Sat Jun 28, 2025, 08:47 AM
Jun 28

Where were the questions this judge should gave been asking about why the DOGE employees needed to know our most private data. The amorphous excuse given is for “modernizing Federal technology and software to maximize governmental efficiency and productivity.” As anyone who knows only a smidgen about technology knows, a system can be modernized and made more efficient with no need to have access to my personal name, bank account number, email, address, and Social Security number. Where is the question of how DOGE will specifically use this information and whether that use violates the Privacy Act?

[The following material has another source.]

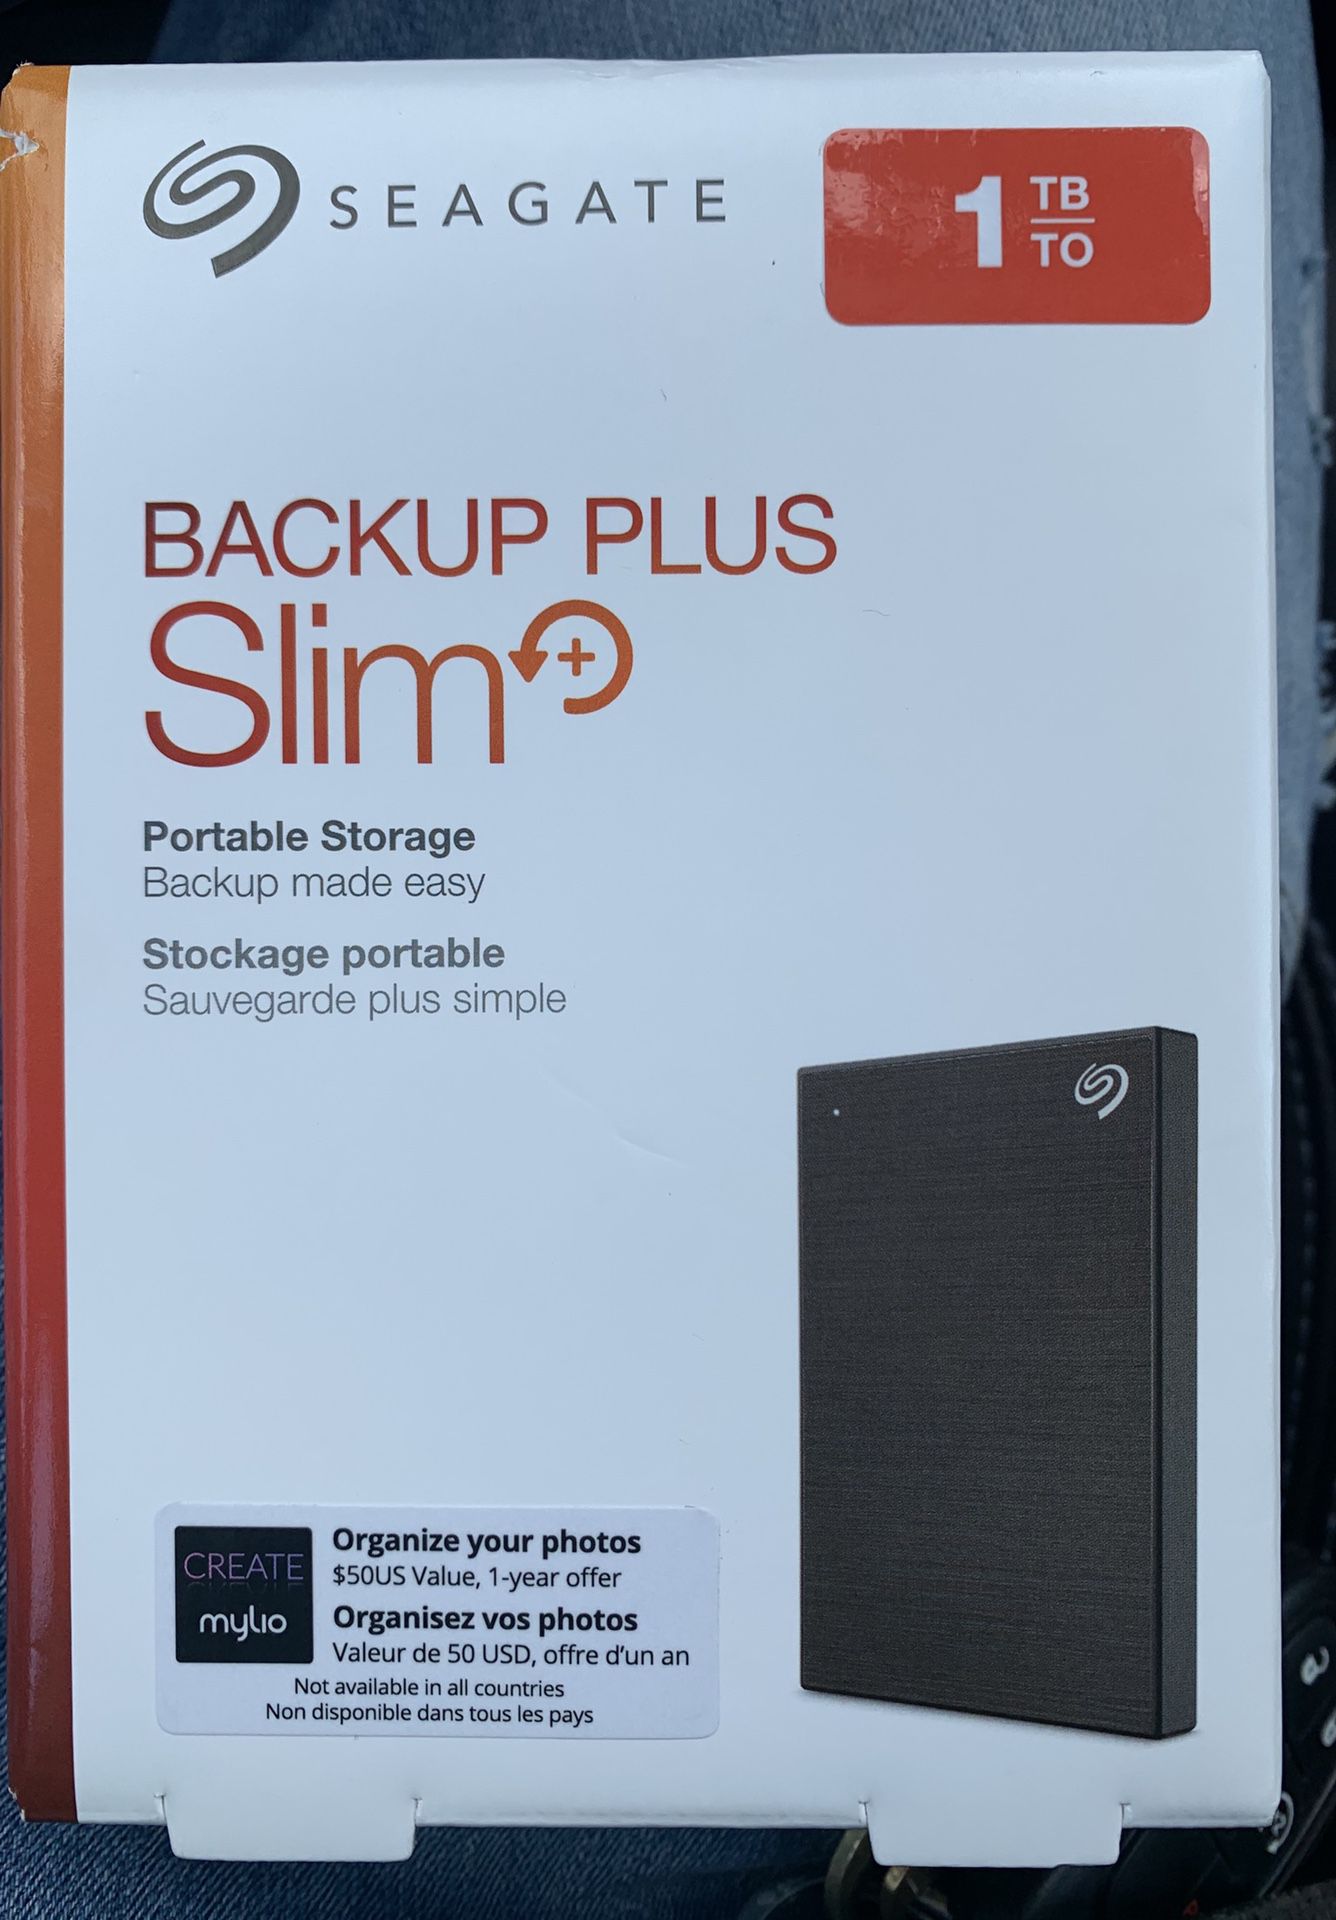 Seagate Backup Plus Slim 1TB USB 3.0/USB 2.0 External Hard Drive, Black (STHN1000400)

This judge, wrongly in my view, assumed that DOGE has good intentions and can have access to whatever they want. The DOGE employees have an agenda totally unrelated to data privacy. If they use the information to illegally withdraw Social Security deposits from my bank account, for example, and refuse to return it because they’ve decided that I’m actually dead (as has happened to others already), then I’m welcome to pay a lawyer thousands of dollars to help me retrieve my money and this judge will be happy to hear the case. Or if DOGE gives my information to outside vendors to modernize technology, they have a contract but their employees have unnecessary access to data that we certainly did not give them. We are already bombarded with spam and data hacks where our email and account passwords get stolen. Giving DOGE access to even more private data like bank names and account numbers is just opening the door to more identify theft.